Web抓取-一起打印值-Python_Python_Web Scraping_Printing_Attributeerror

Web抓取-一起打印值-Python

python web-scraping printing

Web抓取-一起打印值-Python,python,web-scraping,printing,attributeerror,Python,Web Scraping,Printing,Attributeerror,所以我试着去刮CS:GO皮肤，我试着返回：皮肤名称，价格和收藏-按顺序这是我尝试过的许多方法之一 from bs4 import BeautifulSoup import requests import urllib3 urllib3.disable_warnings() def webscrape(): url = "https://csgostash.com/weapon/AWP" res = requests.get(url = url) soup = Bea

所以我试着去刮CS:GO皮肤，我试着返回：皮肤名称，价格和收藏-按顺序

这是我尝试过的许多方法之一

from bs4 import BeautifulSoup
import requests
import urllib3
urllib3.disable_warnings()

def webscrape():

    url = "https://csgostash.com/weapon/AWP"
    res = requests.get(url = url)
    soup = BeautifulSoup(res.text, "html.parser")

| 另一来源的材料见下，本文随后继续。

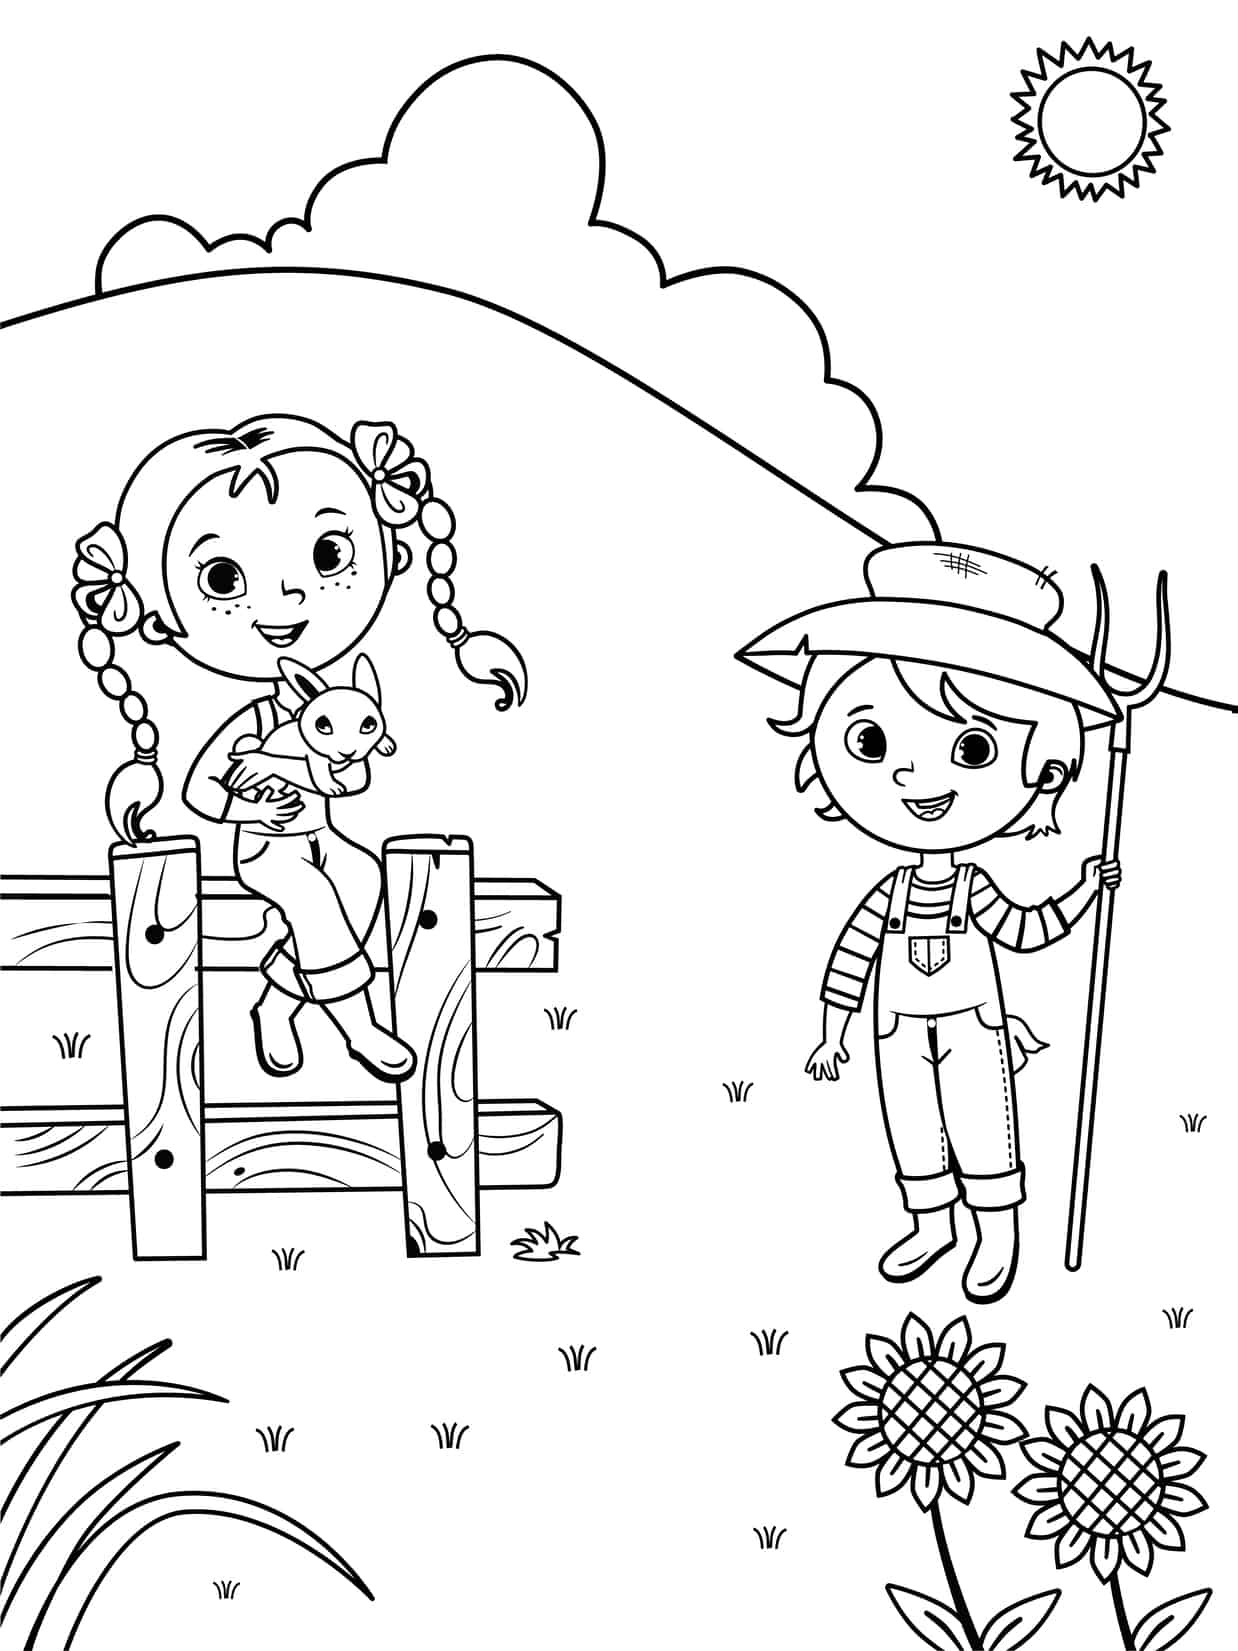 Menino e menina na fazenda para pintar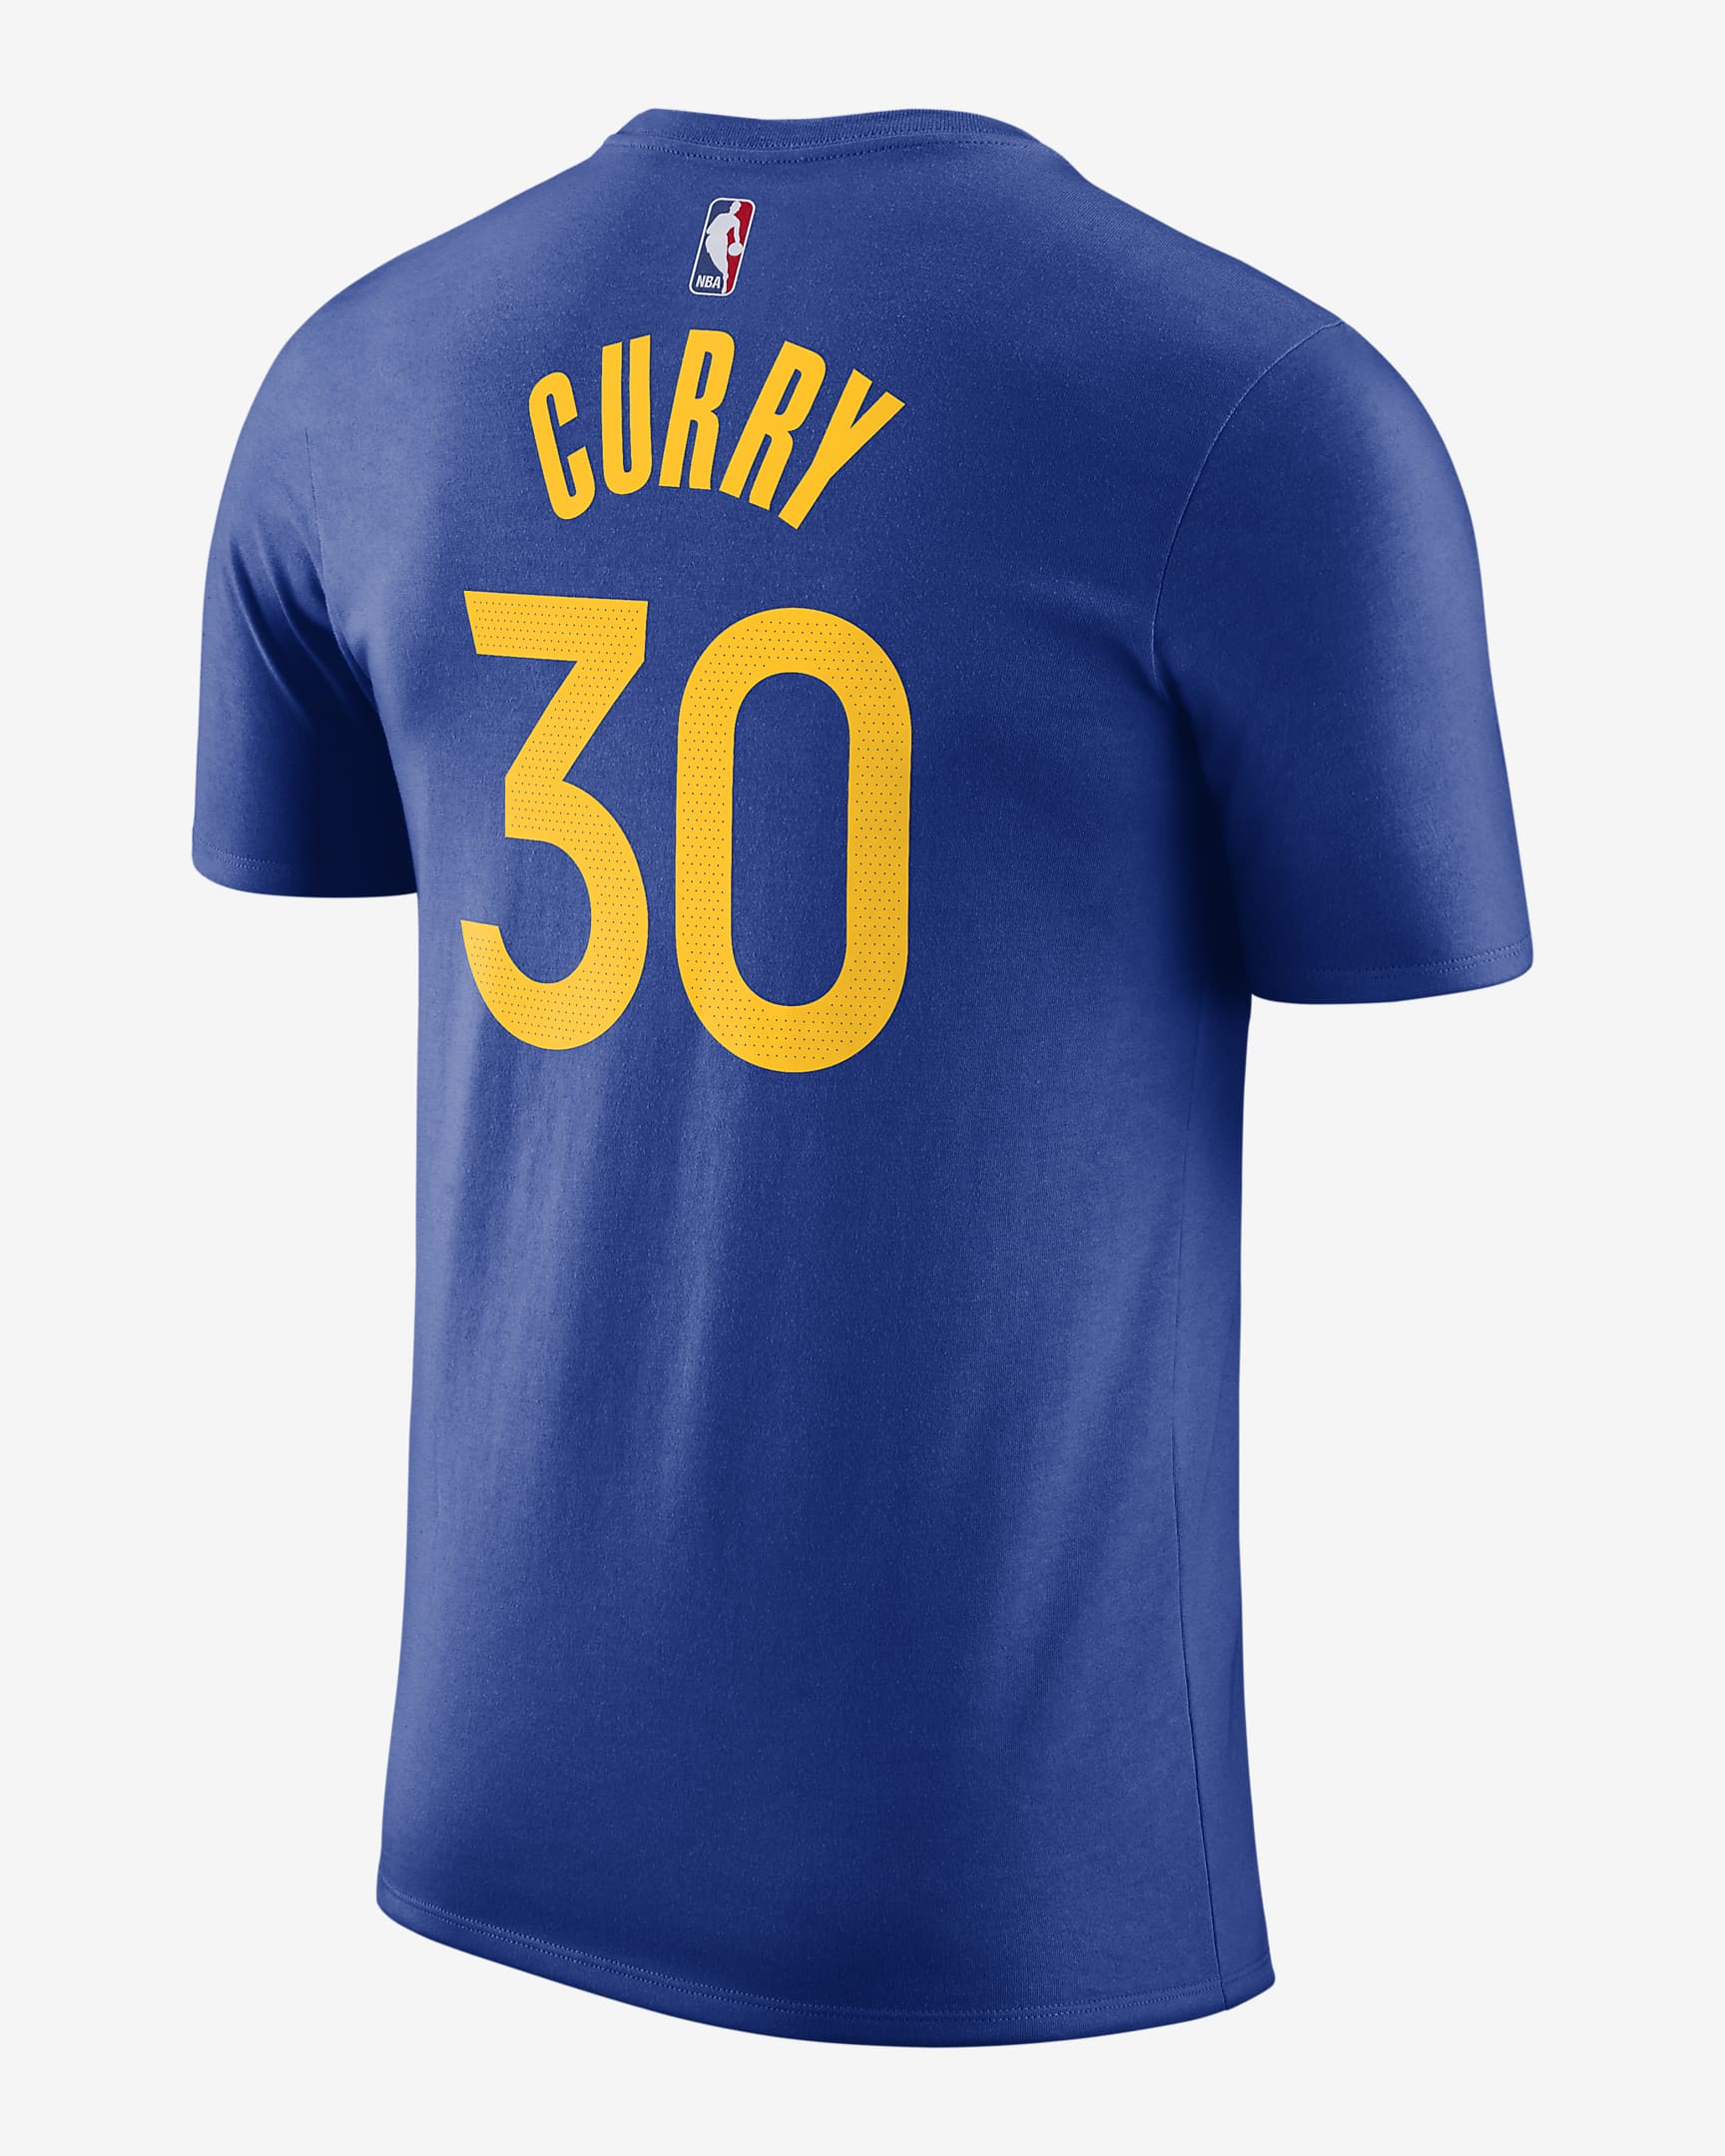 Golden State Warriors Men's Nike NBA T-Shirt. Nike FI

    titles = soup.find_all('div', class_="well result-box nomargin")
    prices = soup.find_all('div', class_="price")
    collection = soup.find_all('div', class_="collection")

    for title in titles:
        title = title.find('a')
        if title:
            title = title.text

    for price in prices:
        price = price.find('p')
        if price:
            price = price.text

    for cases in collection:
        cases = cases.find('p')
        if price:
            cases = cases.text
    print(title.text, price.text, collection.text)

webscrape()

这将返回：

    print(title.text, price.text, collection.text)
AttributeError: 'NoneType' object has no attribute 'text'

我希望它按顺序返回这三个值。例如。安全壳破坏'\n' 40.57澳元-271.90澳元'\n' 碎网盒

等等。有些皮肤有两个价格集，我希望两个价格集都打印出来

我已经让它更有效地展示了我正在努力解决的问题

from bs4 import BeautifulSoup
import requests
import urllib3
urllib3.disable_warnings()

def webscrape():

    url = "https://csgostash.com/weapon/AWP"
    res = requests.get(url = url)
    soup = BeautifulSoup(res.text, "html.parser")
    names = " "
    price = " "
    cases = " "
    titles = soup.find_all('div', class_="well result-box nomargin")
    prices = soup.find_all('div', class_="price")
    collection = soup.find_all('div', class_="collection")

    for name in titles:
        a_field = name.find('a')
        if a_field:
            names = a_field.text + '\n' + names

    for money in prices:
        p_field = money.find('p')
        if p_field:
            price = p_field.text + '\n' + price

    for case in collection:
        case_field = case.find('p')
        if case_field:
            cases = case_field.text + '\n' + cases
    print(names, price, cases)

webscrape()

这将打印我在网页上查找的所有信息，但我希望这些信息组合在一起，就像我希望皮肤的价格和集合以皮肤的名称打印一样。现在它打印所有的名字，然后是所有的价格，然后是所有的收藏

titles = soup.find_all('div', class_="well result-box nomargin")

for title in titles:
    title = title.find('a')
    if title:
        title = title.text

您正在覆盖循环每次迭代的数据；我一点也不清楚你认为你在做什么。我认为这是唯一可行的方法，如果你的最终迭代找到了你想要的。。。在这种情况下，

title

作为您找到的最后一个

text

值退出

最后，您尝试使用该属性的

.text

。这几乎肯定会以某种不希望的方式失败

要获取您看到的错误，标题中的最后一项包含“a”，并且具有

文本属性无；稍后，当您尝试提取None
属性时，您会得到指示的错误
相反，试试看
titles = soup.find_all('div', class_="well result-box nomargin")

for title in titles:
    a_field = title.find('a')
    if a_field:
        break

这会使您在找到所需属性后立即退出搜索循环。
标题的范围仅在循环的内。您必须在循环外声明变量。当您循环查看标题、价格和案例时，您会检查它是否找到了元素。打印时，不检查是否找到元素。因此，如果它没有找到元素，您仍将尝试访问None的text属性object@narendra-乔杜里：那是不正确的；给定的运行时错误显示为其他错误。请重新访问Python作用域规则。@Prune您是正确的<代码>标题
将在循环外可用。我的一点想法渐渐消失了。有点Python/Java混搭了！你有具体的问题吗？您从错误消息中了解到了什么？